__Given data__
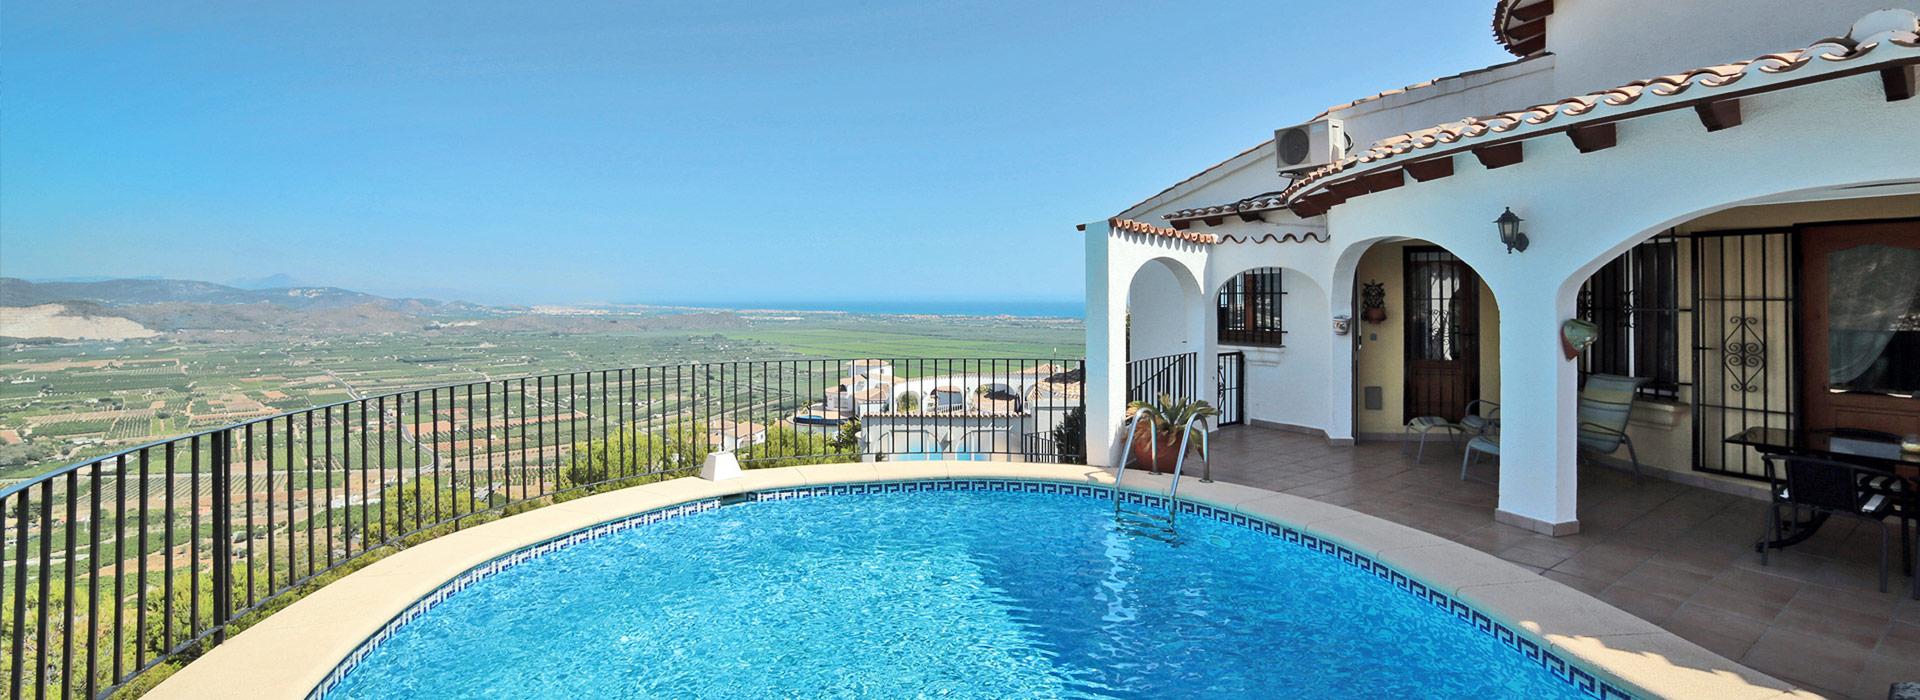 acb.immo - Belle villa de 3 chambres avec piscine privée et vue mer à Monte Pego
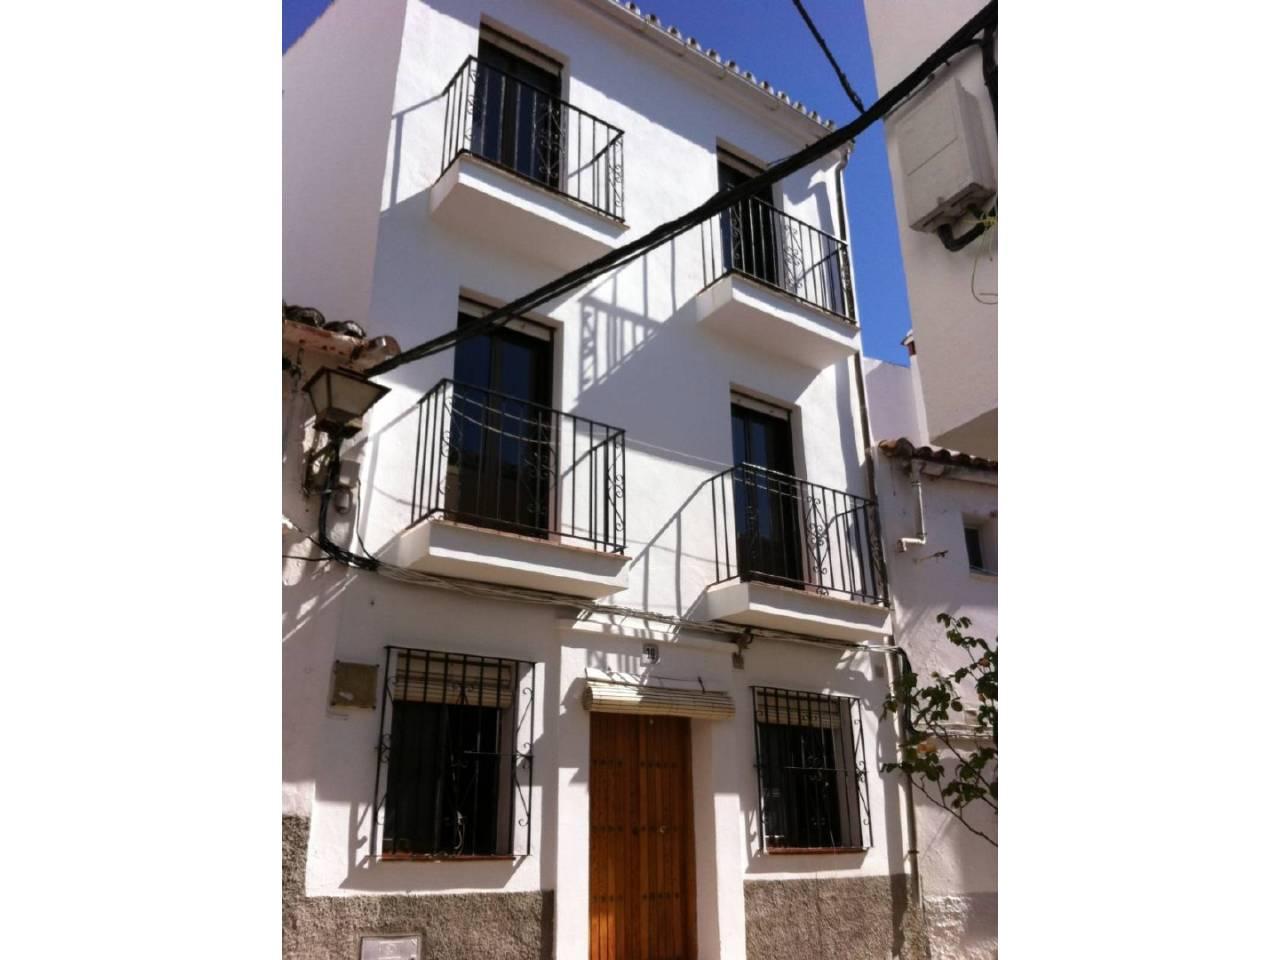 Casa en venta en Jubrique en JUBRIQUE, Calle: Llanada
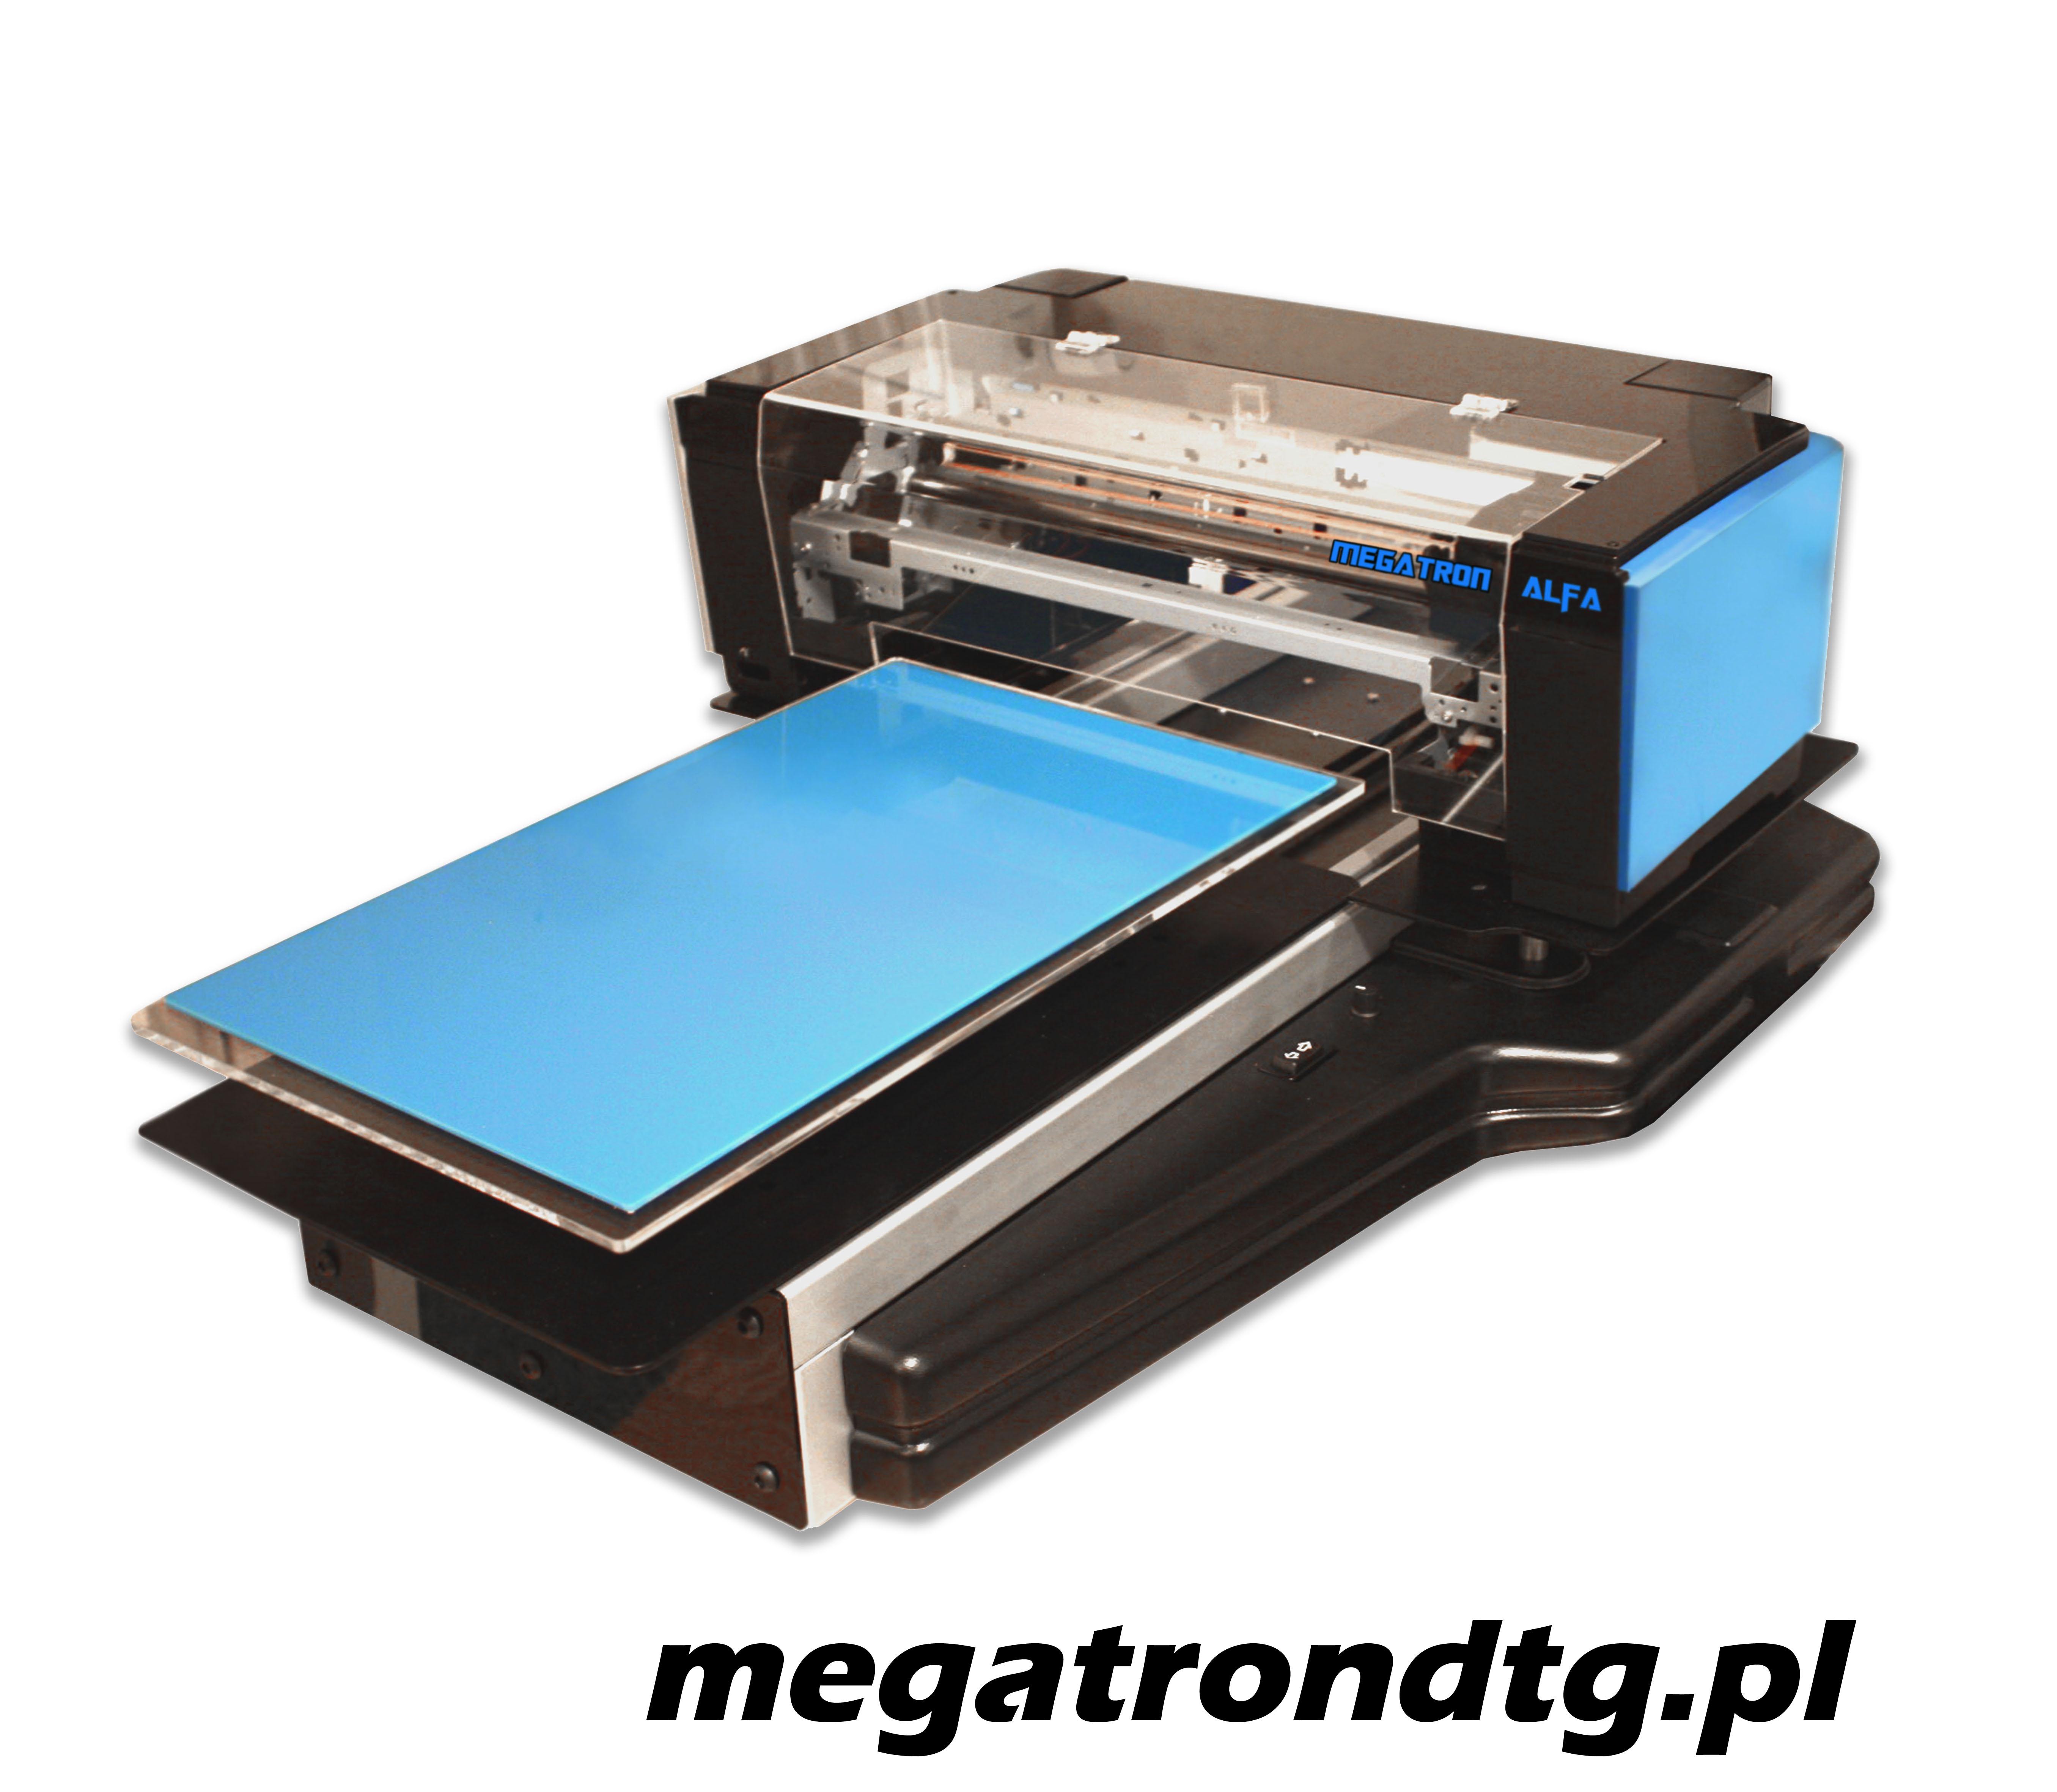 osłona drukarki

__What the exercise asks__
A verbatim copy is needed of the lines running from the line with "Casa en venta" to the end of the data above, both included. Keep the pictures out of it.

__Answer to this task__
 Casa en venta en Jubrique en JUBRIQUE, Calle: Llanada
 osłona drukarki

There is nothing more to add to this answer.